### PROVIDED MATERIAL
=== Begin Enclosure ===

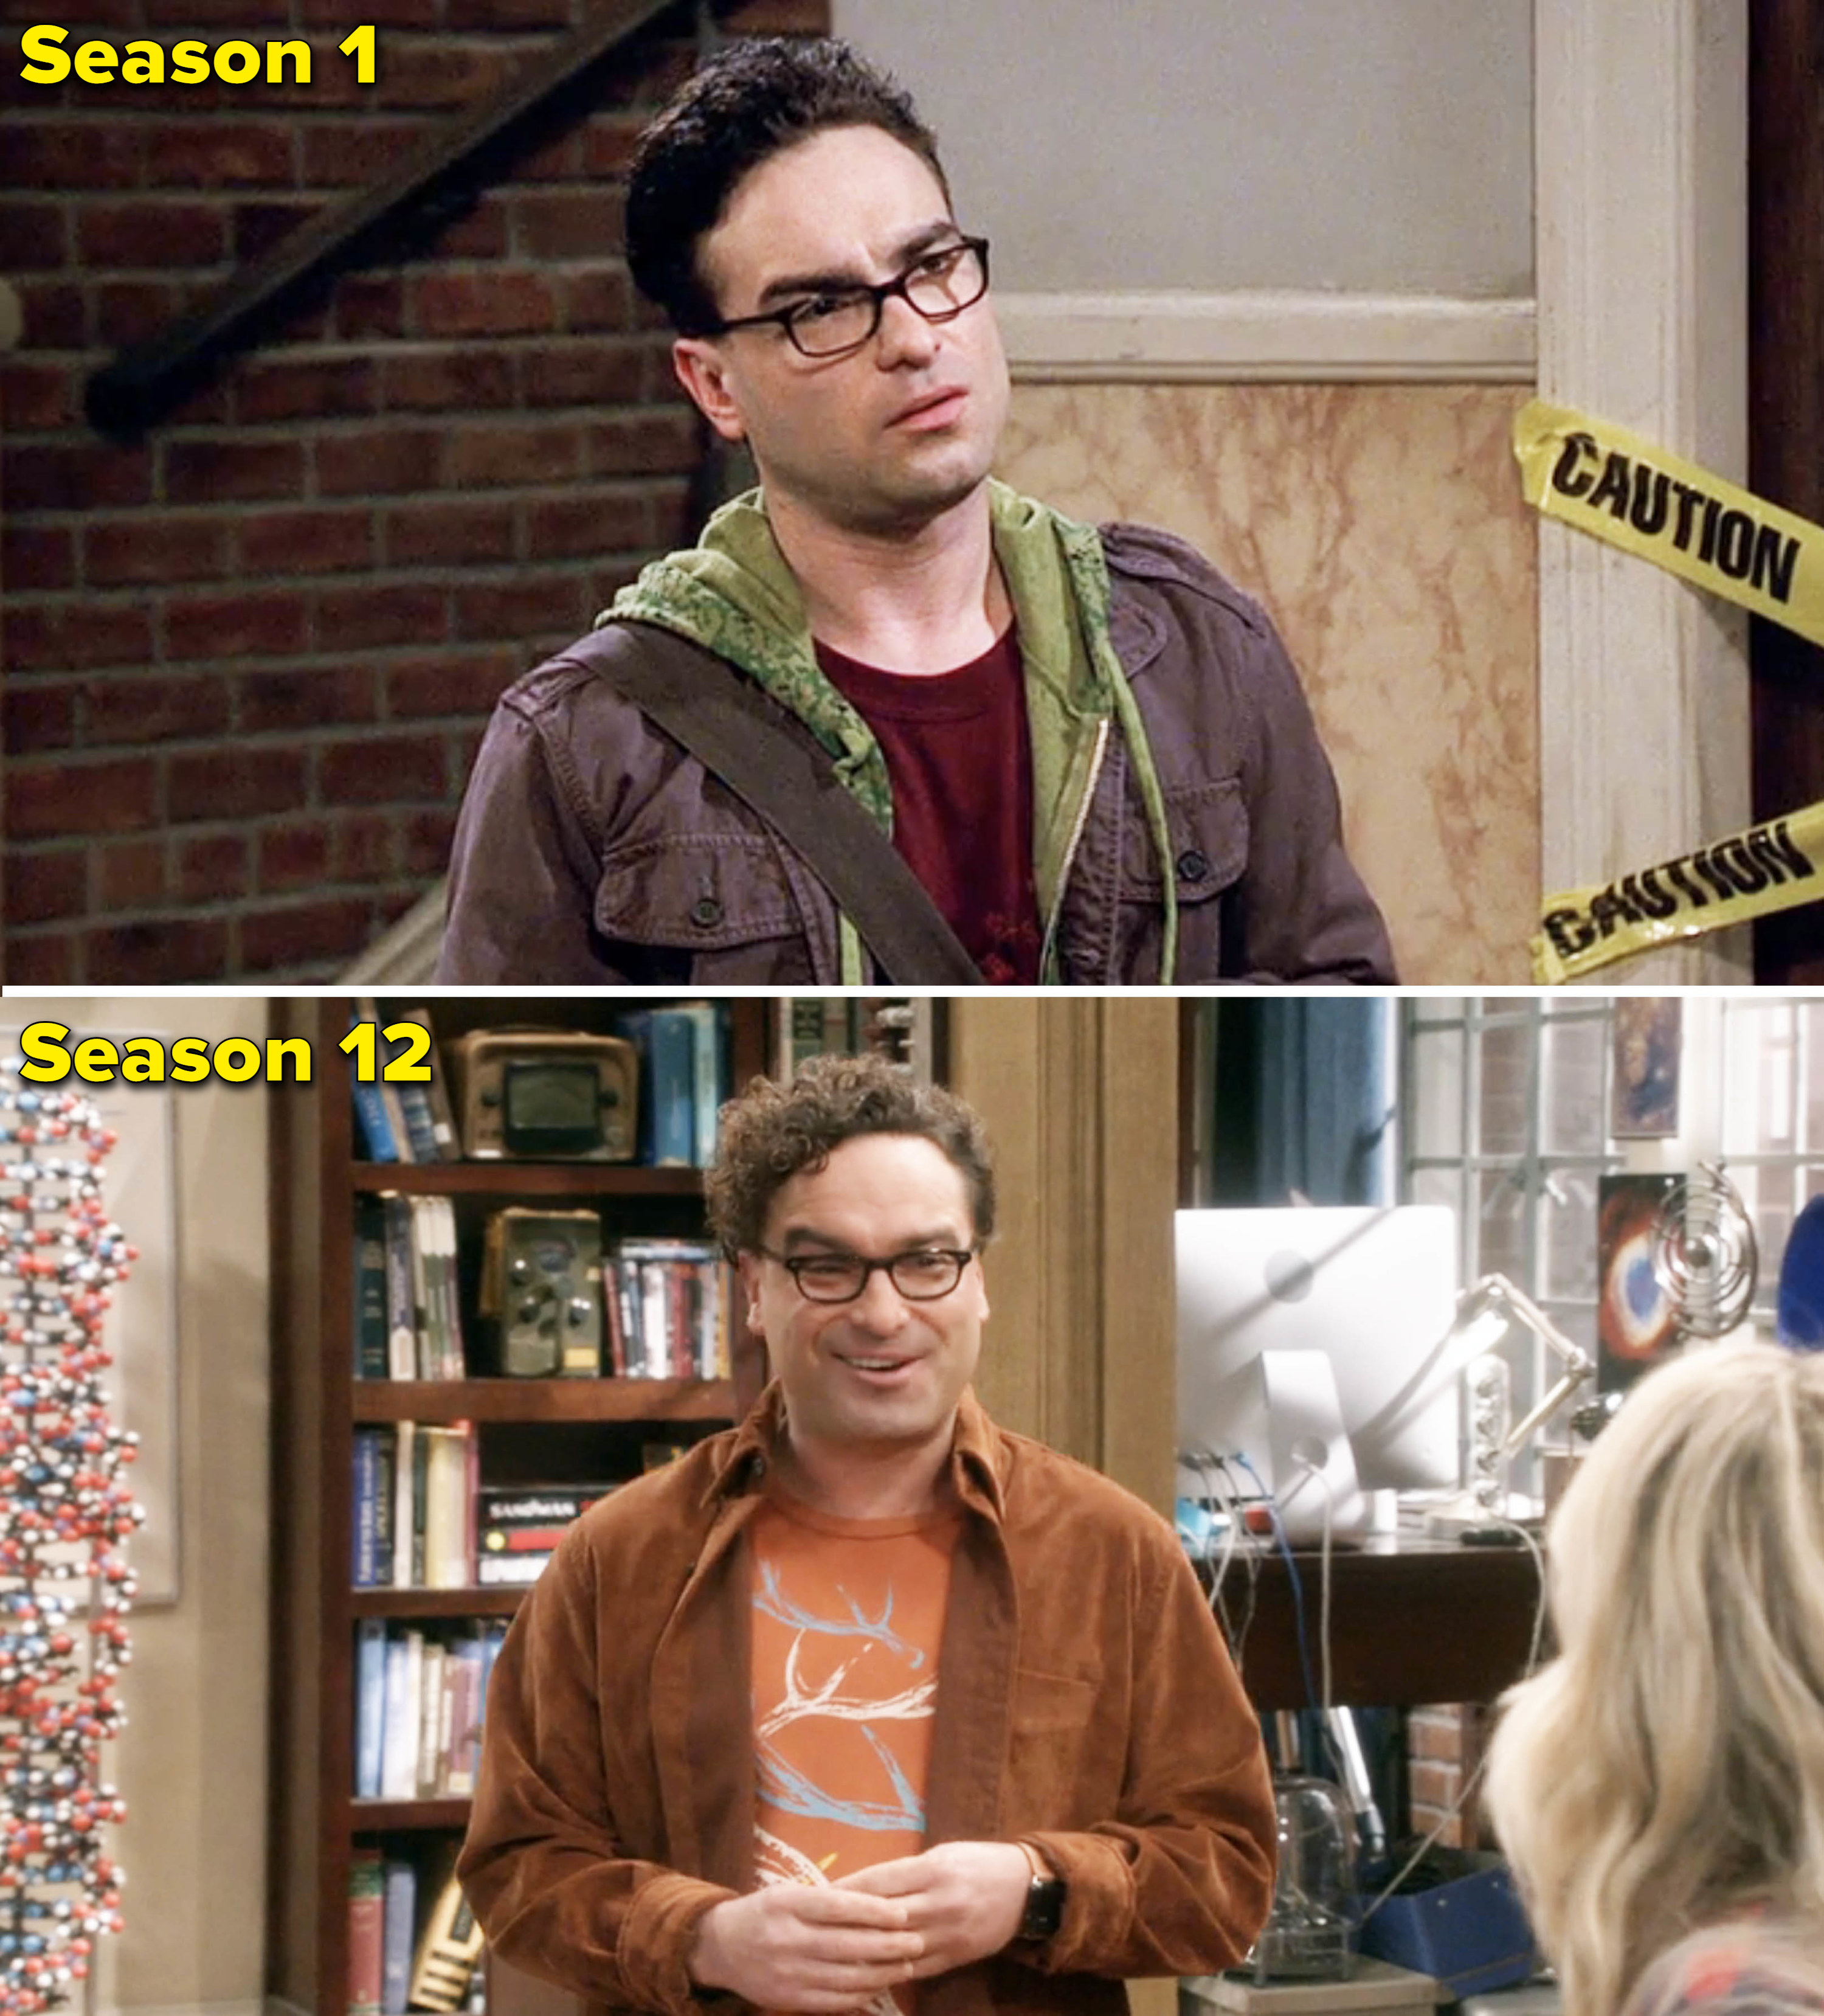 Johnny in seasons 1 and 2
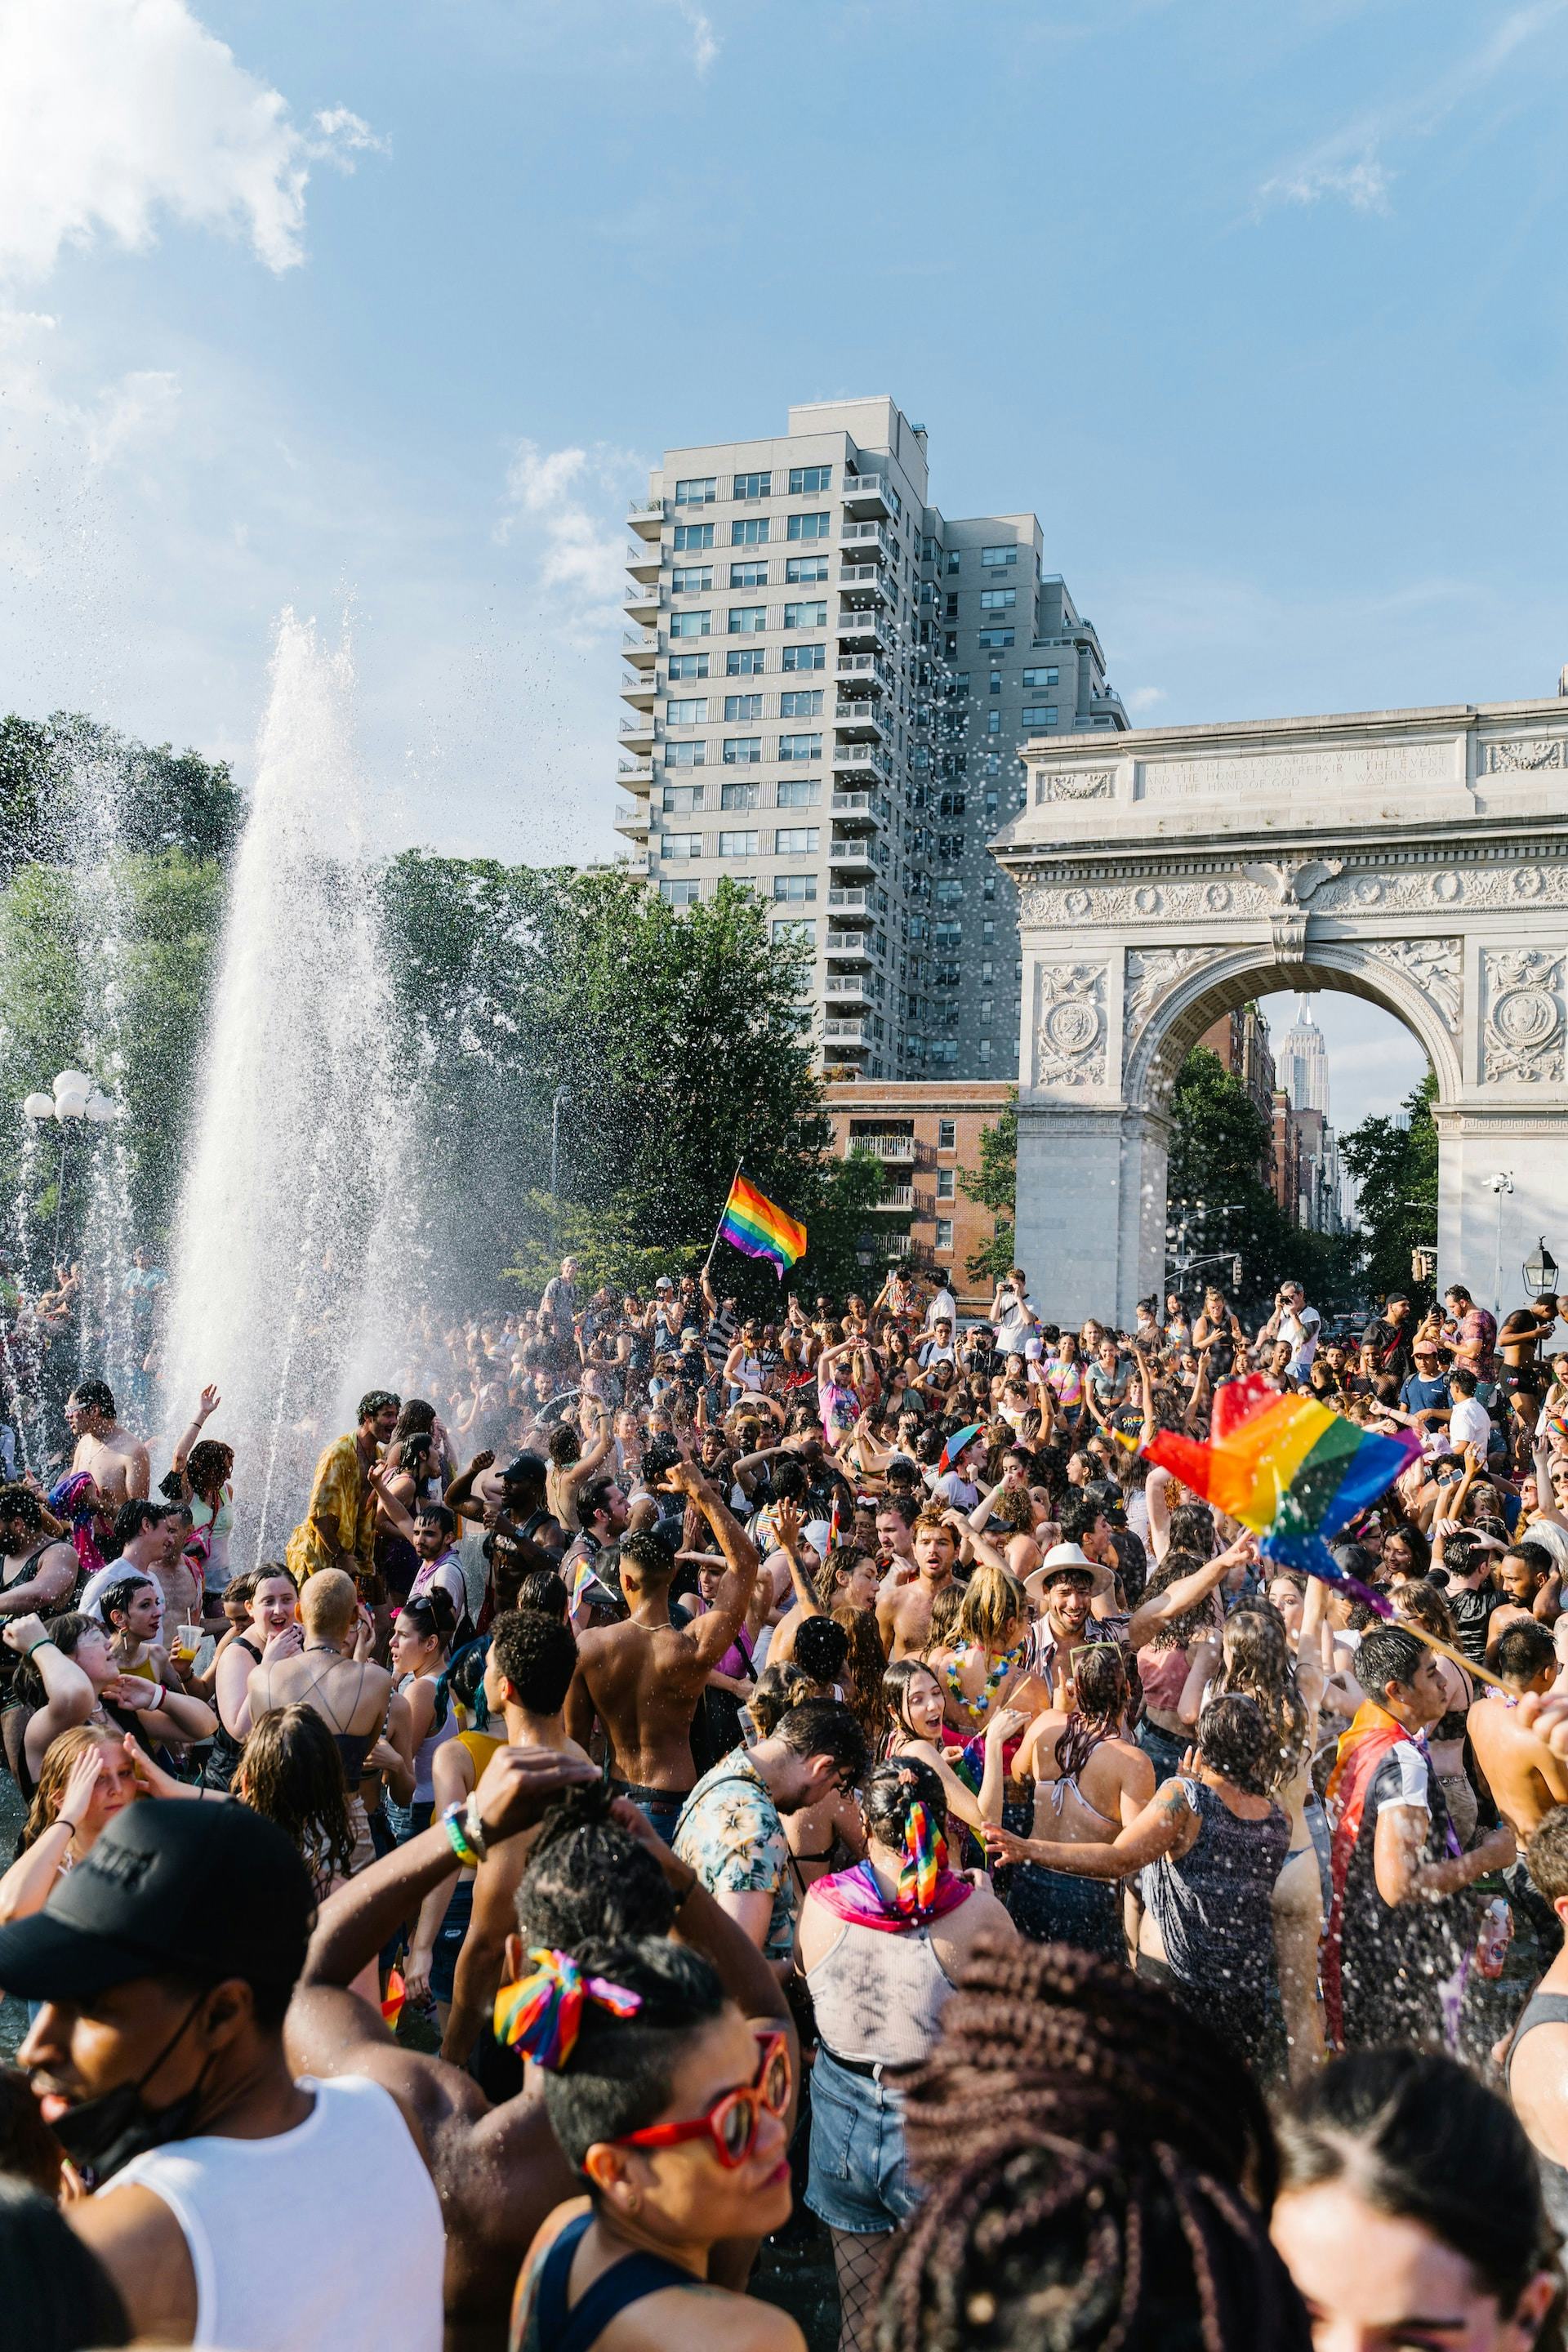 People celebrating in Washington Square Park in New York City waving gay Pride flags.
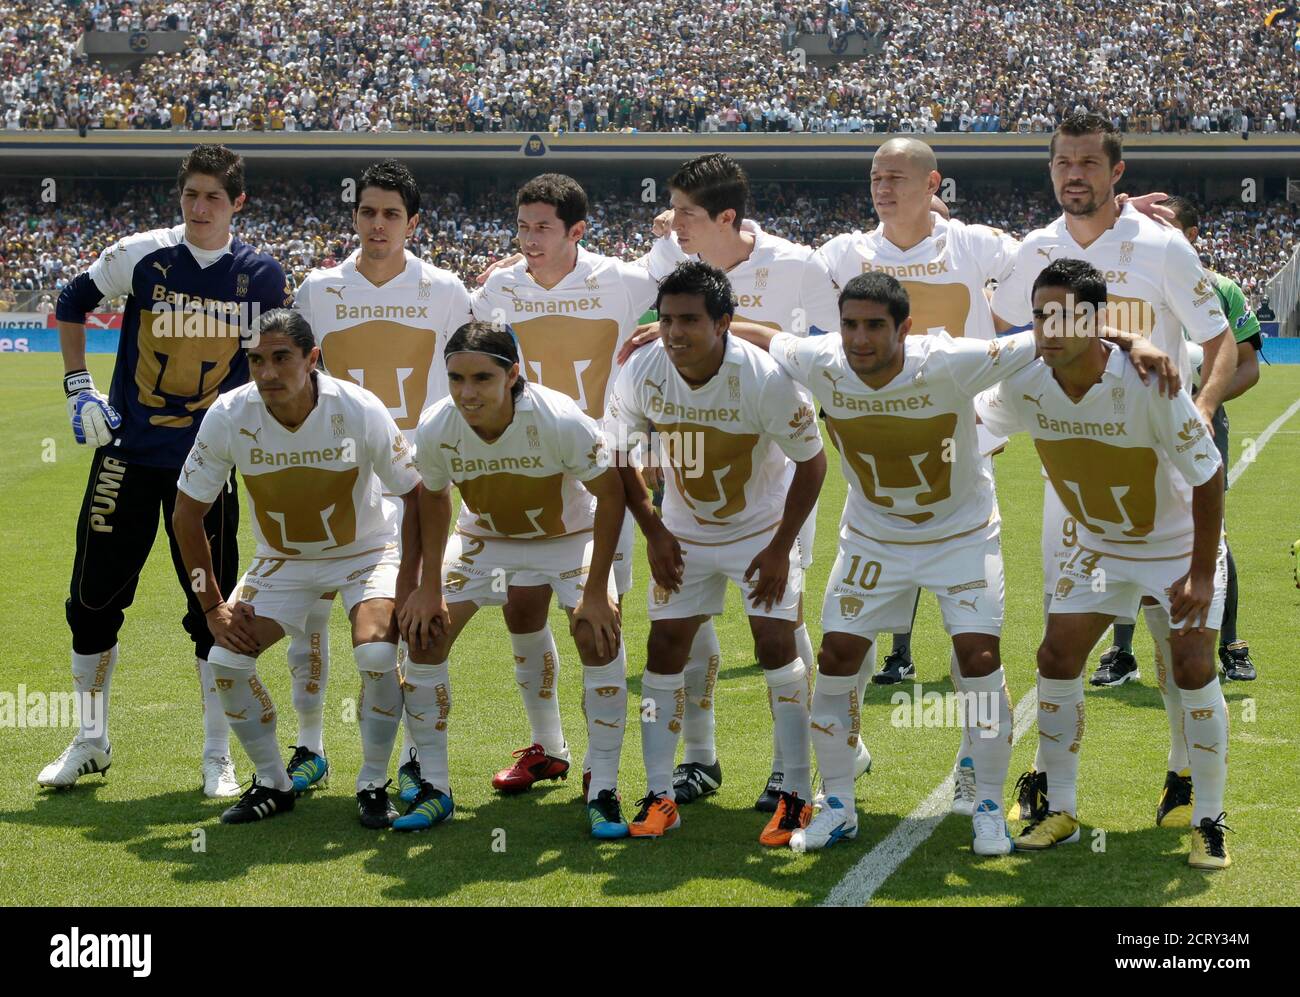 Pumas players pose for for a team photo before their Mexican league  championship final soccer match against Morelia at the University stadium  in Mexico City May 22, 2011. The players are: (top

=== End Enclosure ===

### EXERCISE BRIEF
Omit any images, then output the listing exactly.

### PROBLEM SOLUTION
 Johnny in seasons 1 and 2
 People celebrating in Washington Square Park in New York City waving gay Pride flags.
 Pumas players pose for for a team photo before their Mexican league  championship final soccer match against Morelia at the University stadium  in Mexico City May 22, 2011. The players are: (top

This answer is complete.